An important step in type checking Idris programs is *unification*,
which attempts to resolve implicit arguments such as the implicit
argument `x`

in `Refl`

. As far as our understanding of type checking
proofs is concerned, it suffices to know that unifying two terms
involves reducing both to normal form then trying to find an assignment
to implicit arguments which will make those normal forms equal.

When type checking `Refl`

, Idris requires that the type is of the form
`x = x`

, as we see from the type of `Refl`

. In the case of
`four_eq_five`

, Idris will try to unify the expected type `4 = 5`

with the type of `Refl`

, `x = x`

, notice that a solution requires
that `x`

be both `4`

and `5`

, and therefore fail.

Since type checking involves reduction to normal form, we can write the following equalities directly:

```
twoplustwo_eq_four : 2 + 2 = 4
twoplustwo_eq_four = Refl
plus_reduces_Z : (m : Nat) -> plus Z m = m
plus_reduces_Z m = Refl
plus_reduces_Sk : (k, m : Nat) -> plus (S k) m = S (plus k m)
plus_reduces_Sk k m = Refl
```

## Heterogeneous Equality

Equality in Idris is *heterogeneous*, meaning that we can even propose
equalities between values in different types:

```
idris_not_php : Z = "Z"
```

The type `Z = "Z"`

is uninhabited, and one might wonder why it is useful to
be able to propose equalities between values in different types. However, with
dependent types, such equalities can arise naturally. For example, if two
vectors are equal, their lengths must be equal:

```
vect_eq_length : (xs : Vect n a) -> (ys : Vect m a) ->
(xs = ys) -> n = m
```

In the above declaration, `xs`

and `ys`

have different types because
their lengths are different, but we would still like to draw a
conclusion about the lengths if they happen to be equal. We can define
`vect_eq_length`

as follows:

```
vect_eq_length xs xs Refl = Refl
```

By matching on `Refl`

for the third argument, we know that the only
valid value for `ys`

is `xs`

, because they must be equal, and
therefore their types must be equal, so the lengths must be equal.
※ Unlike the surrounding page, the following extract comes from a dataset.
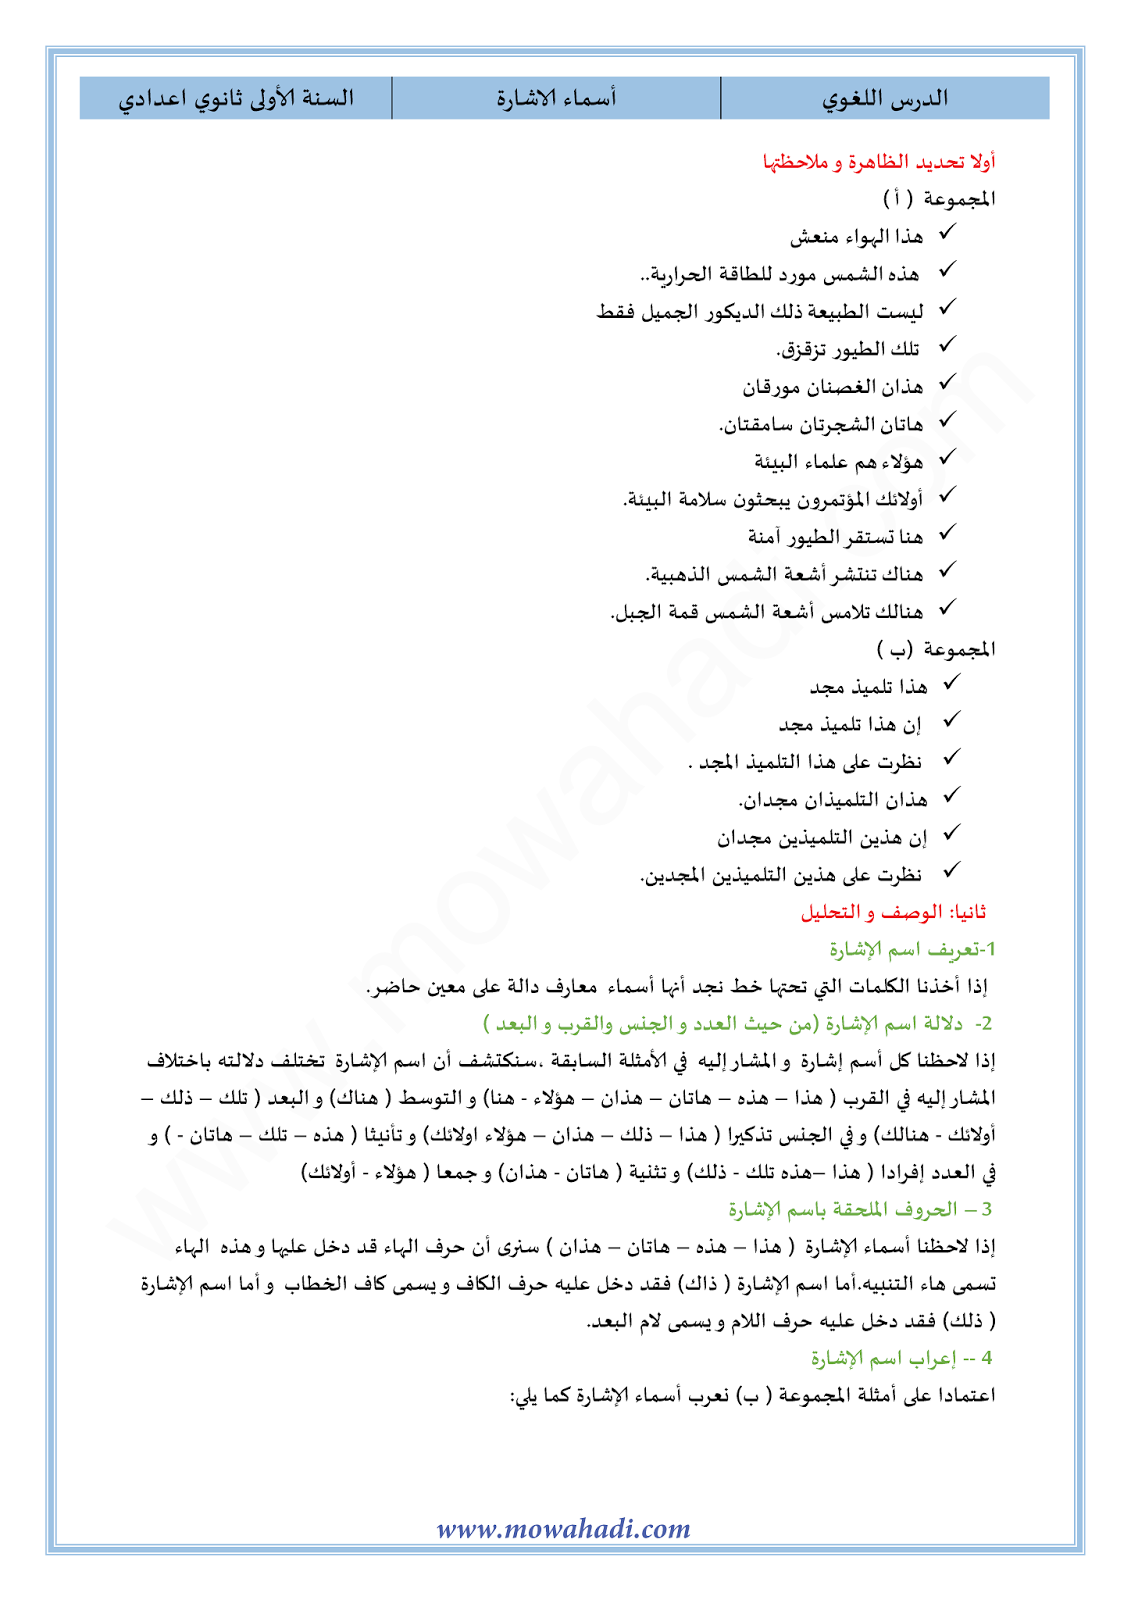 الدرس اللغوي أسماء الإشارة للسنة الأولى اعدادي في مادة اللغة العربية 16-cours-dars-loghawi1_001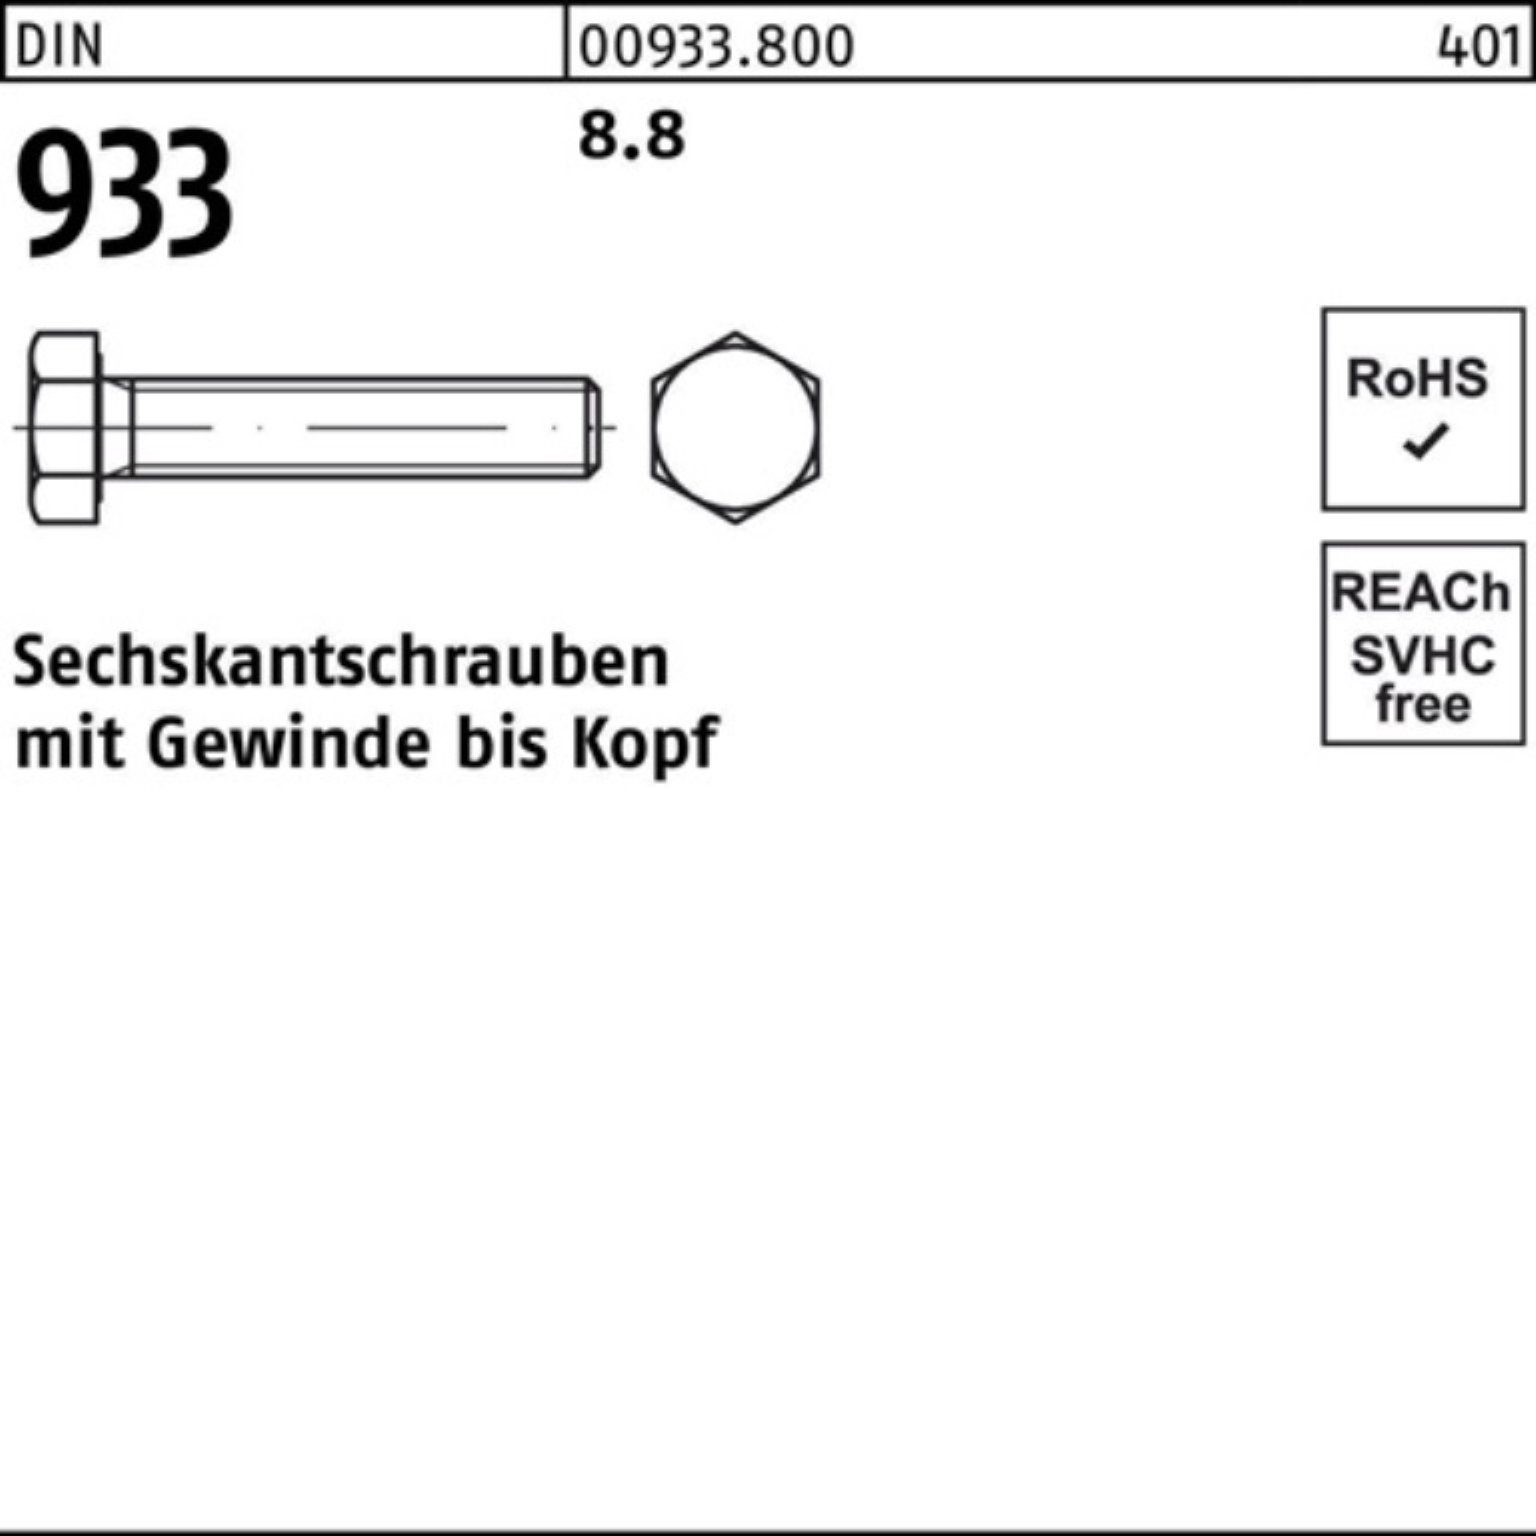 Reyher Sechskantschraube 90 25 933 Pack 933 VG 8.8 DIN M22x DIN Sechskantschraube 100er Stück

Alternatively, we can put an underscore for the second `xs`

, since
there is only one value which will type check:

```
vect_eq_length xs _ Refl = Refl
```

## Properties of `plus`

Using the `(=)`

type, we can now state the properties of `plus`

given above as Idris type declarations:

```
plus_commutes : (n, m : Nat) -> plus n m = plus m n
plus_assoc : (n, m, p : Nat) -> plus n (plus m p) = plus (plus n m) p
```

Both of these properties (and many others) are proved for natural number
addition in the Idris standard library, using `(+)`

from the `Num`

interface rather than using `plus`

directly. They have the names
`plusCommutative`

and `plusAssociative`

respectively.

In the remainder of this tutorial, we will explore several different
ways of proving `plus_commutes`

(or, to put it another way, writing
the function.) We will also discuss how to use such equality proofs, and
see where the need for them arises in practice.

- 1
This is known as the Curry-Howard correspondence.